I only go there for the cigars and the mojitos. No let downs for me!


----------



## anton

was there in November. Best Mojito I ever drank.

Smoked a Casa Fuente, which I thought was average and then an Anejo which was amazing.


----------



## GentlemanJester

eljimmy said:


> What was the let down?


The bar staff was generally unpleasant and the cigar staff came close to being rude.

The atmosphere was weird... Few of the other patrons were smoking, and it felt more like sitting in a downtown college bar than a upscale cigar bar.

Lastly the waitresses were unattractive... trivial I know, but I'd been told there were usually some hotties.

The price was high, but I expected that, so it didn't really bother me. Compared to the small cigar shop in Caesars Palace, they were almost reasonable.

Not quite what I expected, but a good cigar and an excellent drink.


----------



## Cattani

I've not been to Vegas, but if I go....I will certainly be making a pit stop there.


----------



## eljimmy

GentlemanJester said:


> The bar staff was generally unpleasant and the cigar staff came close to being rude.
> 
> The atmosphere was weird... Few of the other patrons were smoking, and it felt more like sitting in a downtown college bar than a upscale cigar bar.
> 
> Lastly the waitresses were unattractive... trivial I know, but I'd been told there were usually some hotties.
> 
> The price was high, but I expected that, so it didn't really bother me. Compared to the small cigar shop in Caesars Palace, they were almost reasonable.
> 
> Not quite what I expected, but a good cigar and an excellent drink.


wow! Not quite what I wanted to hear as I was ready to take a drive down there.


----------



## GentlemanJester

eljimmy said:


> wow! Not quite what I wanted to hear as I was ready to take a drive down there.


Honesly... If I'm ever in Vegas I'll go back. Maybe my expectations were just high.


----------



## tiger187126

i find the lack of strippers a let down.


----------



## Reino

what more do you need? a smoke and a drink works for me!


----------



## NuG

I agree with the OP, the atmosphere of Casa Fuente is what I expected. It's in the Caesar Palace shopping forum and the smoking area is right next to the escalators. Before I went, I was imagining lush leather couches or seats and friendly patrons - it is opposite of this. That being said it is still worth visiting for some hard to find Fuente Cigars.


----------



## dreamspeed

GentlemanJester said:


> The bar staff was generally unpleasant and the cigar staff came close to being rude.
> 
> The atmosphere was weird... Few of the other patrons were smoking, and it felt more like sitting in a downtown college bar than a upscale cigar bar.
> 
> Lastly the waitresses were unattractive... trivial I know, but I'd been told there were usually some hotties.
> 
> The price was high, but I expected that, so it didn't really bother me. Compared to the small cigar shop in Caesars Palace, they were almost reasonable.
> 
> Not quite what I expected, but a good cigar and an excellent drink.
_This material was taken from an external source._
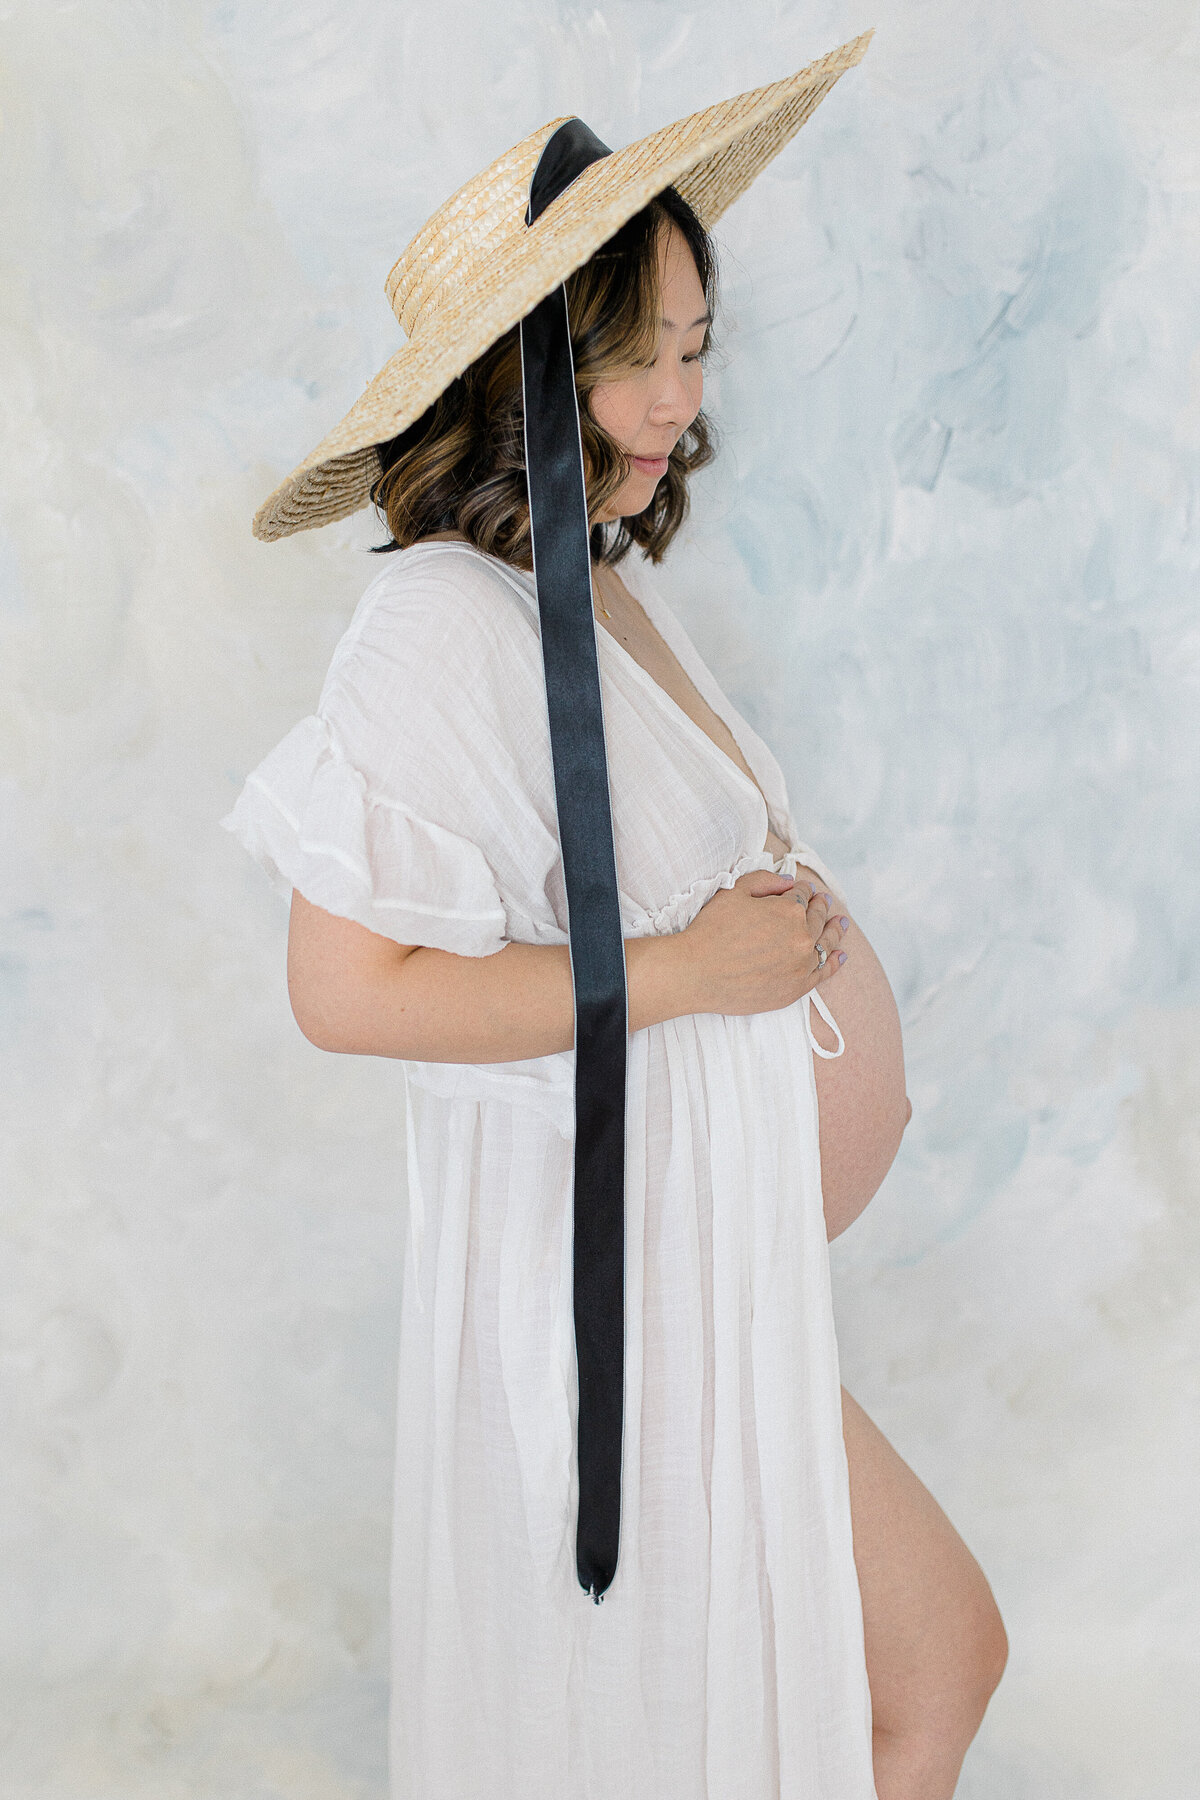 audra-jones-photography-fine-art-boudoir-maternity-eva-110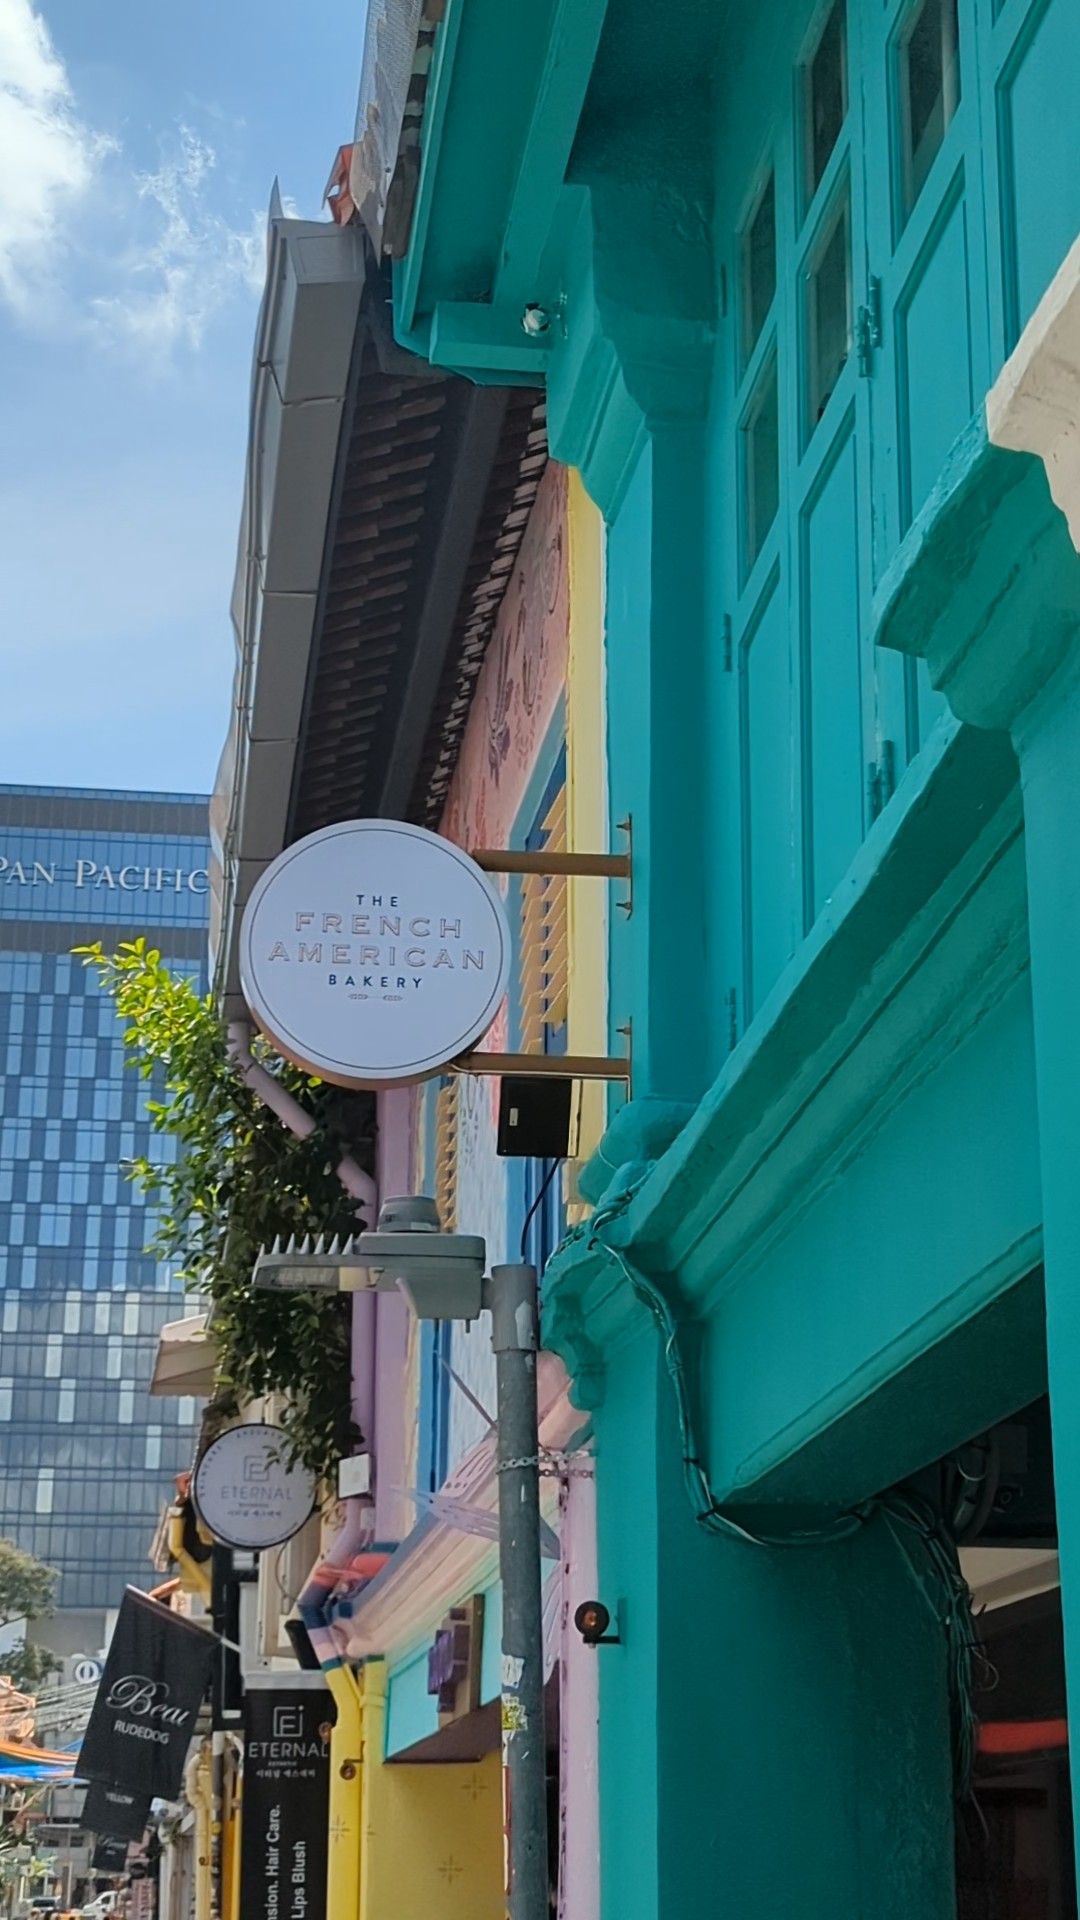 The French American Bakery, Haji Lane, Singapore

I always make it a point to drop by Casa Fuente when i'm in Vegas. It's not very "Vegas high roller-like" which is good imho, there are plenty of clubs out there with that type of atmosphere already.

As far as I can tell there is only one hot waitress there, I believe her name is Alicia. Luckily she's usually the one working when i happen to be there :smoke:


----------



## Reino

If your there now pm Zeebra he flew up this afternoon from Houston and is going there at some point.
Have a great time!


----------



## K. Corleon

Wow, your a tough customer. I had a great time.


----------



## 4pistonjosh

I sent my brother by there today to pick me up some things. He has been in vegas since saturday.


----------



## Reino

very nice, what did you order?


----------



## trm

Stopped by on Friday, very slow only one customer smoking. I've actually walked right by the place many times and never noticed it, thats how impressive the location is. I'm a Fuente fan, and get that you go there for the "limited availability" smokes, but at approximately 3-4x the price what I can get them for at a full price B&M didnt make me feel very welcome. 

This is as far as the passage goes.